Input CSV file: C:/Users/jason/OneDrive - The Pennsylvania State University/DAAN 881, Data Drive Decision Making/Project/Auto Data/Merged/PA_PROCESSED_corrected.csv
Output Excel file (multi-sheet): C:/Users/jason/OneDrive - The Pennsylvania State University/DAAN 881, Data Drive Decision Making/Project/Auto Data/Merged/PA_PROCESSED_corrected_multi_sheet.xlsx
Max rows per sheet: 1,000,000


In [6]:
# --- Read CSV ---
try:
    print(f"\nReading '{csv_filename}'...")
    # It might be beneficial to read in chunks if memory is also an issue,
    # but for now, let's read the whole thing first if possible.
    df = pd.read_csv(csv_filepath, low_memory=False)
    total_rows = len(df)
    print(f"Successfully read {total_rows:,} rows and {len(df.columns)} columns.")

    if total_rows == 0:
        print("CSV file is empty.

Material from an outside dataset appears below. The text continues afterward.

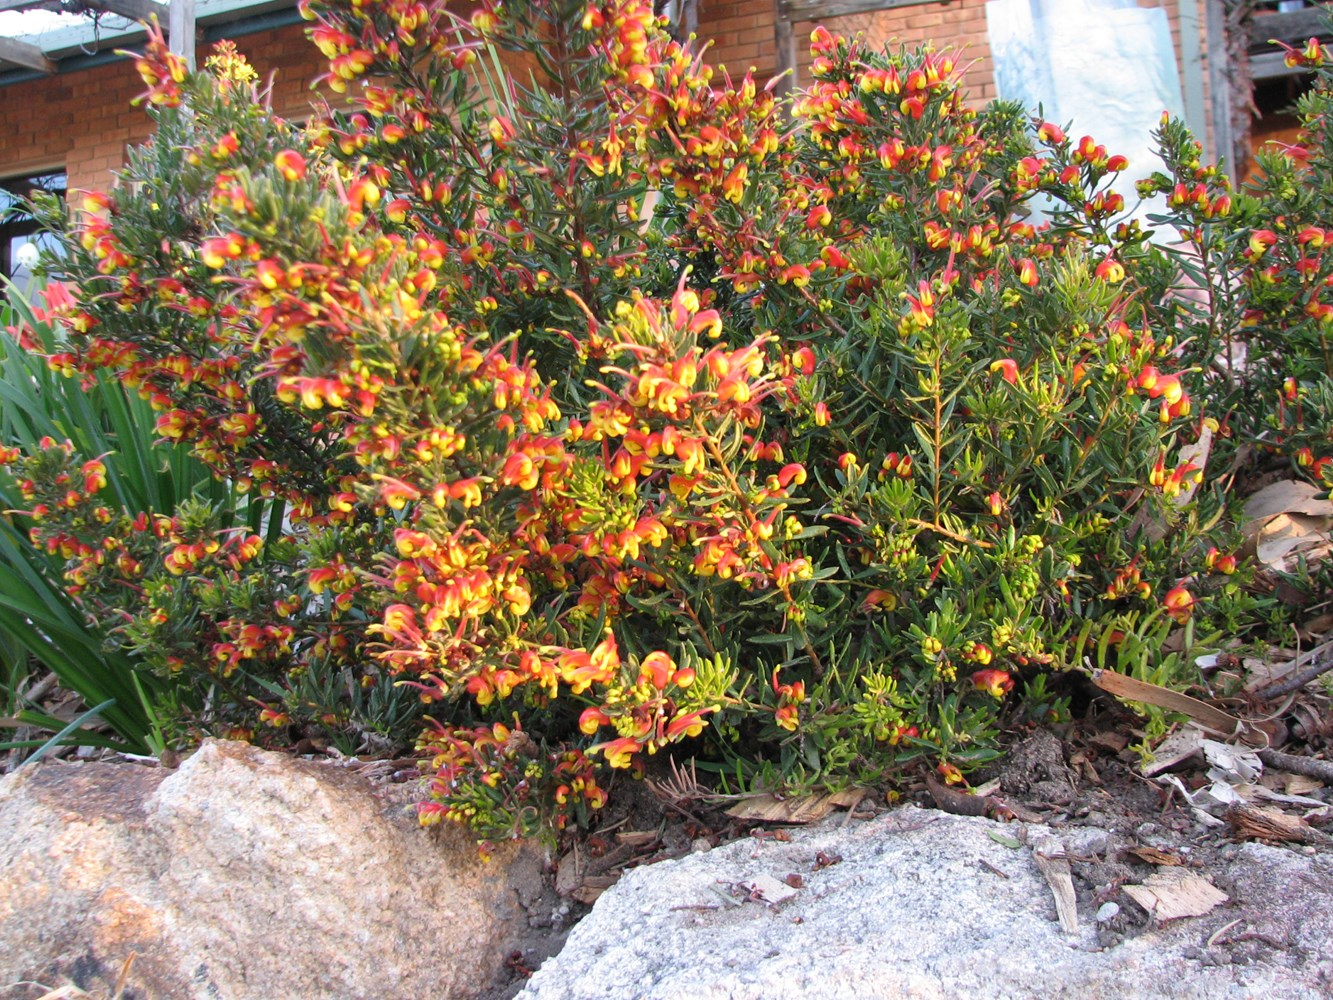 Website/Plants/1652873765/Images/Gallery/g_firecracker_01.0.JPG

No Excel file will be created.")
        exit()

except FileNotFoundError:
    print(f"\nERROR: Input file not found at '{csv_filepath}'. Please check the path and filename.")
    exit()
except Exception as e:
    print(f"\nERROR: An error occurred while reading the CSV file: {e}")
    exit()

# --- Write to Excel (Multiple Sheets) ---
try:
    print(f"\nWriting data to multiple sheets in '{excel_filename}'...")
    # Calculate the number of sheets needed
    num_sheets = math.ceil(total_rows / max_rows_per_sheet)
    print(f"Data will be split into {num_sheets} sheet(s).")

    # Use ExcelWriter to write to the same file
    with pd.ExcelWriter(excel_filepath, engine='openpyxl') as writer:
        for i in range(num_sheets):
            start_row = i * max_rows_per_sheet
            end_row = min((i + 1) * max_rows_per_sheet, total_rows)
            sheet_name = f'Data_Part_{i+1}'

            print(f"  Writing sheet '{sheet_name}' (rows {start_row+1:,} to {end_row:,})...")

            # Select the chunk of the DataFrame
            df_chunk = df.iloc[start_row:end_row]

            # Write the chunk to the current sheet
            df_chunk.to_excel(writer, sheet_name=sheet_name, index=False)

    print(f"\nSuccessfully wrote {num_sheets} sheets to '{excel_filepath}'.")

except ImportError:
     print("\nERROR: The 'openpyxl' library is required to write Excel files.")
     print("Please install it using: pip install openpyxl")
except Exception as e:
    print(f"\nERROR: An error occurred while writing the Excel file: {e}")

print("\nScript finished.")


Reading 'PA_PROCESSED_corrected.csv'...
Successfully read 5,538,978 rows and 15 columns.

Writing data to multiple sheets in 'PA_PROCESSED_corrected_multi_sheet.xlsx'...
Data will be split into 6 sheet(s).
  Writing sheet 'Data_Part_1' (rows 1 to 1,000,000)...
  Writing sheet 'Data_Part_2' (rows 1,000,001 to 2,000,000)...
  Writing sheet 'Data_Part_3' (rows 2,000,001 to 3,000,000)...
  Writing sheet 'Data_Part_4' (rows 3,000,001 to 4,000,000)...
  Writing sheet 'Data_Part_5' (rows 4,000,001 to 5,000,000)...
  Writing sheet 'Data_Part_6' (rows 5,000,001 to 5,538,978)...

Successfully wrote 6 sheets to 'C:/Users/jason/OneDrive - The Pennsylvania State University/DAAN 881, Data Drive Decision Making/Project/Auto Data/Merged/PA_PROCESSED_corrected_multi_sheet.xlsx'.

Script finished.